We wondered how our first session with three - almost four - year old Grace and her year old sister Reese would go.
Ever since Grace was the age of Reese, she has, on a weekly basis, assumed the role of Princess for the Day.
She sits in Papa’s chair while Gramma serves her favourite breakfast. Then she can watch “one show” with Papa before the day expands, perhaps, to include a tea party with Gramma, inside a makeshift tent under the dining room table, reading books, a trip to the carousel at Butchart Gardens, swimming, visits to the museum, playground or some other destination. The day will also feature the perennial favourite, Papa’s famous pasta (Mac’n cheese) and eight chocolate covered berries.
Very rarely does Gramma say “no;” Papa almost never.
Princess for the Day, the centre of the known universe, away from a rambunctious older brother, crawling little sister or puppy wanting on the stage. Just Grace.
She is well loved at home with lots of affection and attention; still, the time at Papa and Gramma’s is different.
So we wondered.
Would she feel displaced? Would she be resentful, even angry, either to the point of pummelling her little sister with pillows or resort to some passive aggressive behaviour with the betraying grandparents?
All told the first day was great. She was helpful with the baby, assuming the role of caring big sister. Still, it was Season 1, Episode 1 of the revamped series.
Since we have five children, in a blended family, we have witnessed the struggle to find and define place before. The technical details are easy - middle child, or the third oldest girl (though your father’s first born), the youngest girl or boy. The emotional and spiritual aspects of the numbers present the real challenge.

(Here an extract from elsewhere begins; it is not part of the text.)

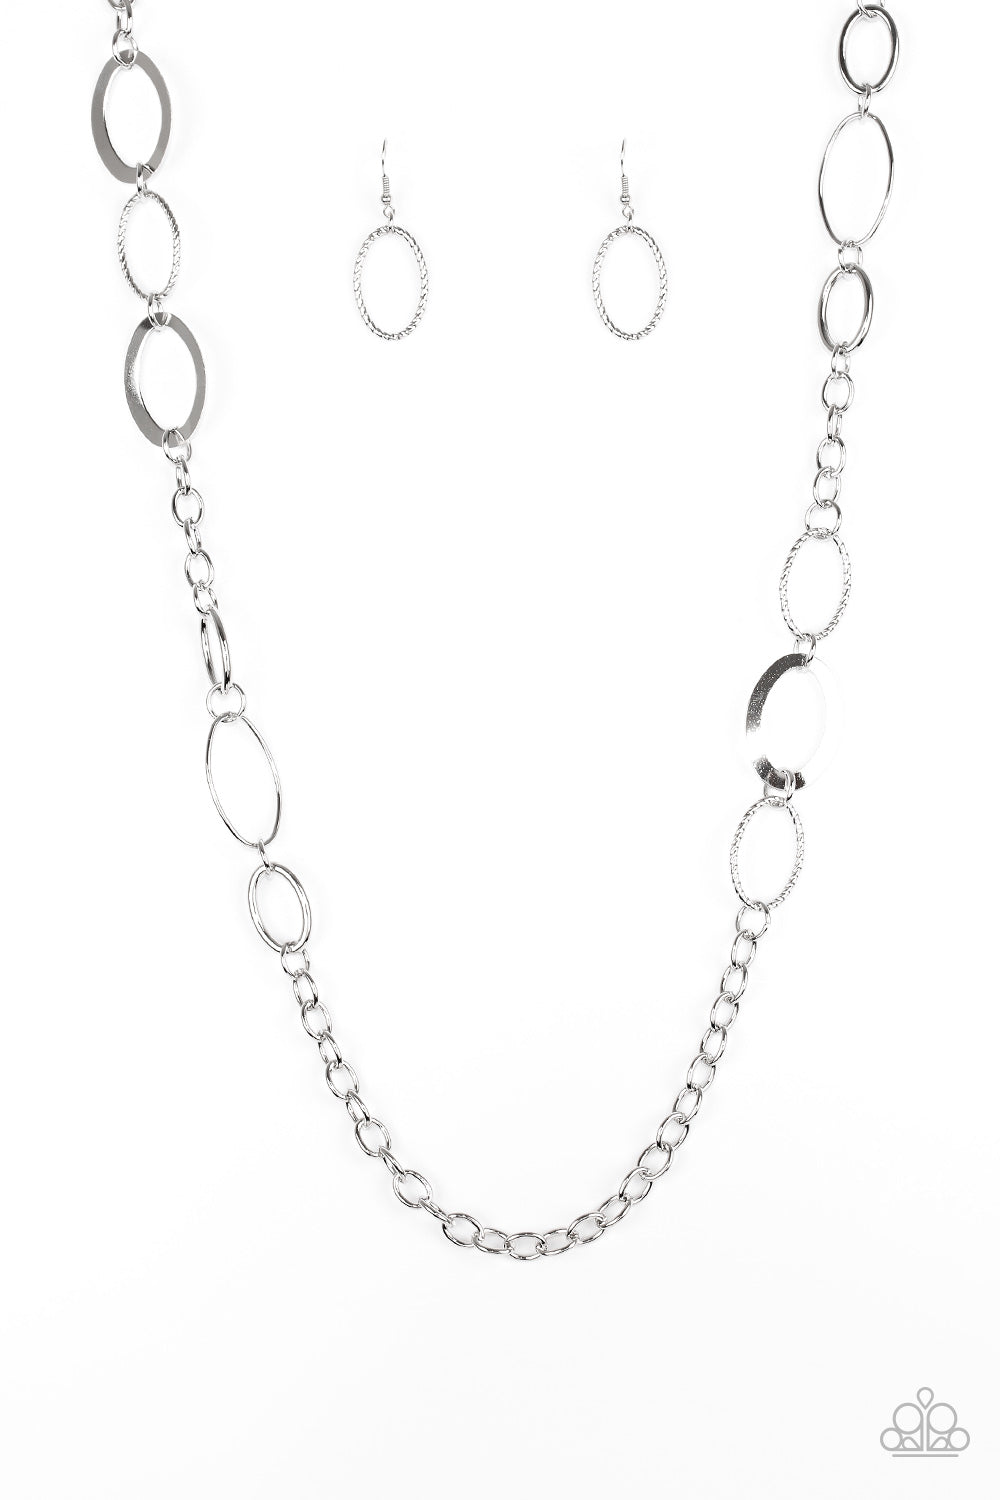 Paparazzi Chain Cadence Silver Long Necklace

In the largest sense, the question is one of belonging. On one level, I believe all our children knew they “belonged” to our family but, on another level, I think they also wrestled with how they fit. Did a speciality define their place - she’s the dancer, the athlete, the swimmer, the lawyer in waiting? Was it a matter of public acclaim - how many goals this week in soccer, how many raves after the performance, how many friends? Was personality the key - extroverts, performers, team player, solo runners, quiet? What makes a person feel like they belong?

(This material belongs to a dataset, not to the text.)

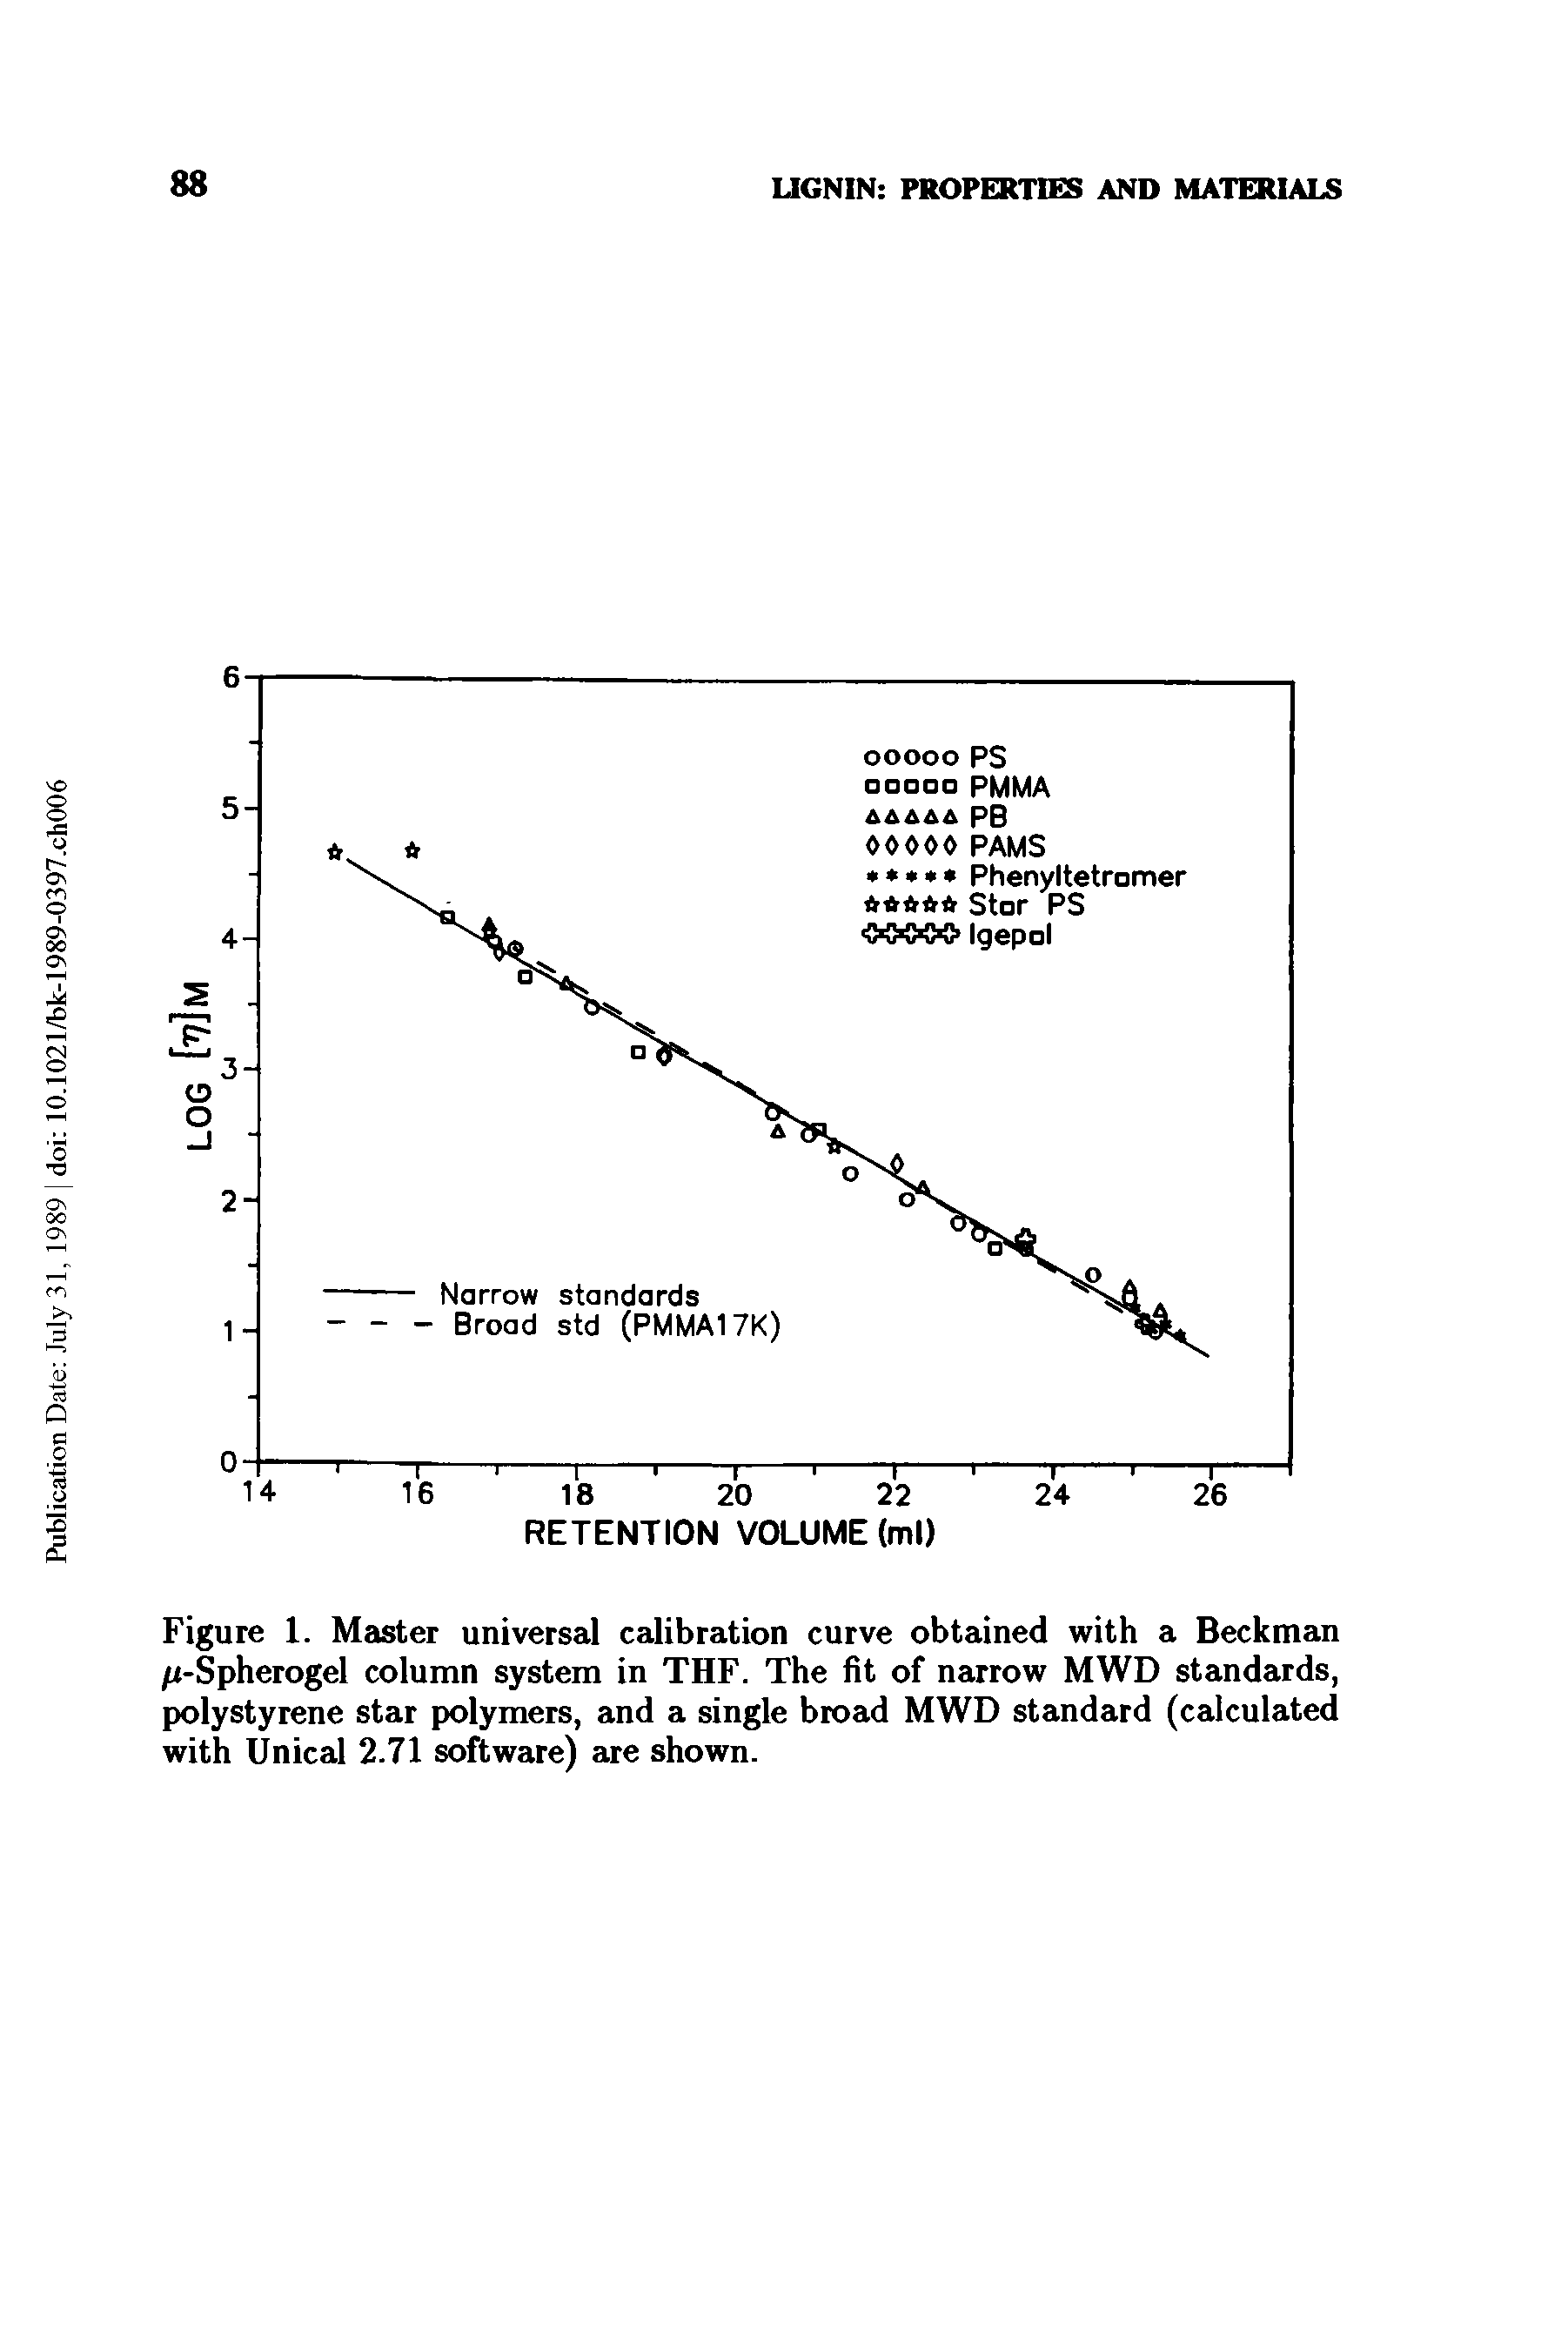 Figure 1. Master universal calibration curve obtained with a Beckman /z-Spherogel column system in THF. The fit of narrow MWD standards, polystyrene star polymers, and a single broad MWD standard (calculated with Unical 2.71 software) are shown.

Abraham Maslow thought so highly of the need to belong that he placed it as one of the five human needs in his hierarchy of needs. Others focus more upon the motivational dimensions of the need to belong, arguing that “many of the human needs that have been documented, such as the needs for power, intimacy, approval, achievement and affiliation, are all driven by the need to belong.” Do middle children try harder because they feel they have to do or be more to be recognized, to belong?

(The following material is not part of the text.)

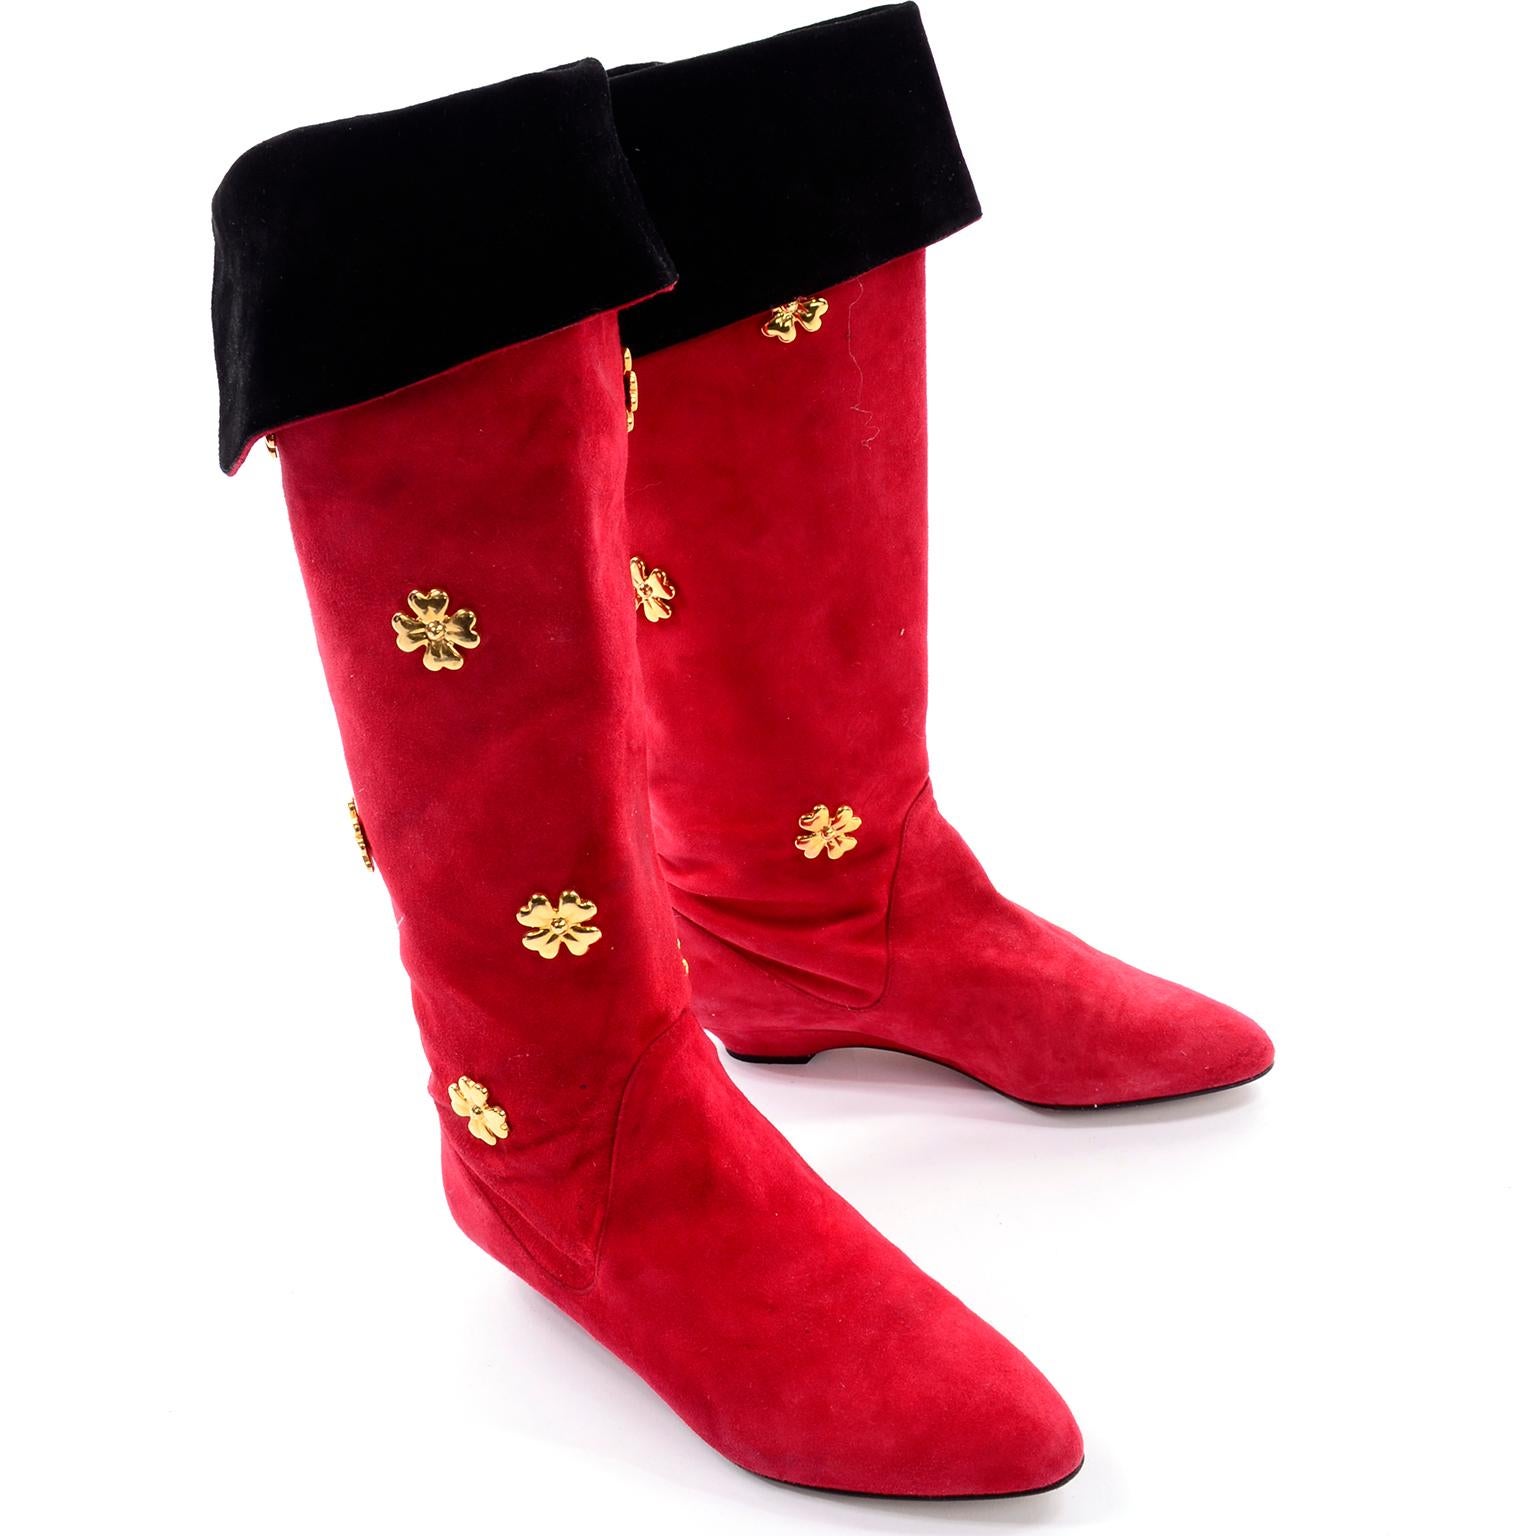 Vintage 1980s Escada Red Suede Boots With Gold Metal Clovers Size 37 1

However, the need to belong is parsed there is little doubt that the pain caused by rejection “is so intense that it involves the same brain regions involved in the experience of physical pain.” Depression, suicide as well as many examples of behavioural, “acting out” problems reside here. Memories of school or peer group interactions carry, often disproportionate, weight.
And how does belonging relate to the sense of being beloved? Again, I like to believe that all our children know they are loved but, engaging Caleb’s posts, makes me realize that the relationship between being beloved and belonging is not as straightforward as I assumed. Apparently, one can know they are loved but also, at a very deep level, not feel as if they truly belong.
I wonder if the reverse is also true. At some level, you can belong to an organization, family, tribe and yet not feel wanted, much less loved.
As I read and edit Caleb’s posts, I am struck by how hard he is working to redefine his experience of giving and receiving love and of belonging.
He is initiating meaningful conversations about who he is, what he wants and values. He is working to change his beliefs about the world and love, valuing the people who love him and examining his needs and intentions. (see The Tiny Buddha) And he greatly values those times and situations where he knows his presence makes a positive difference in the lives of others.
This is not the entire story, but it helps me appreciate the scope of the task to feel both loved and that you belong.
I admire his desire for an abundant life, a life well lived. It has made me consider how we might help Reese and Grace claim a sense of being beloved and that they belong.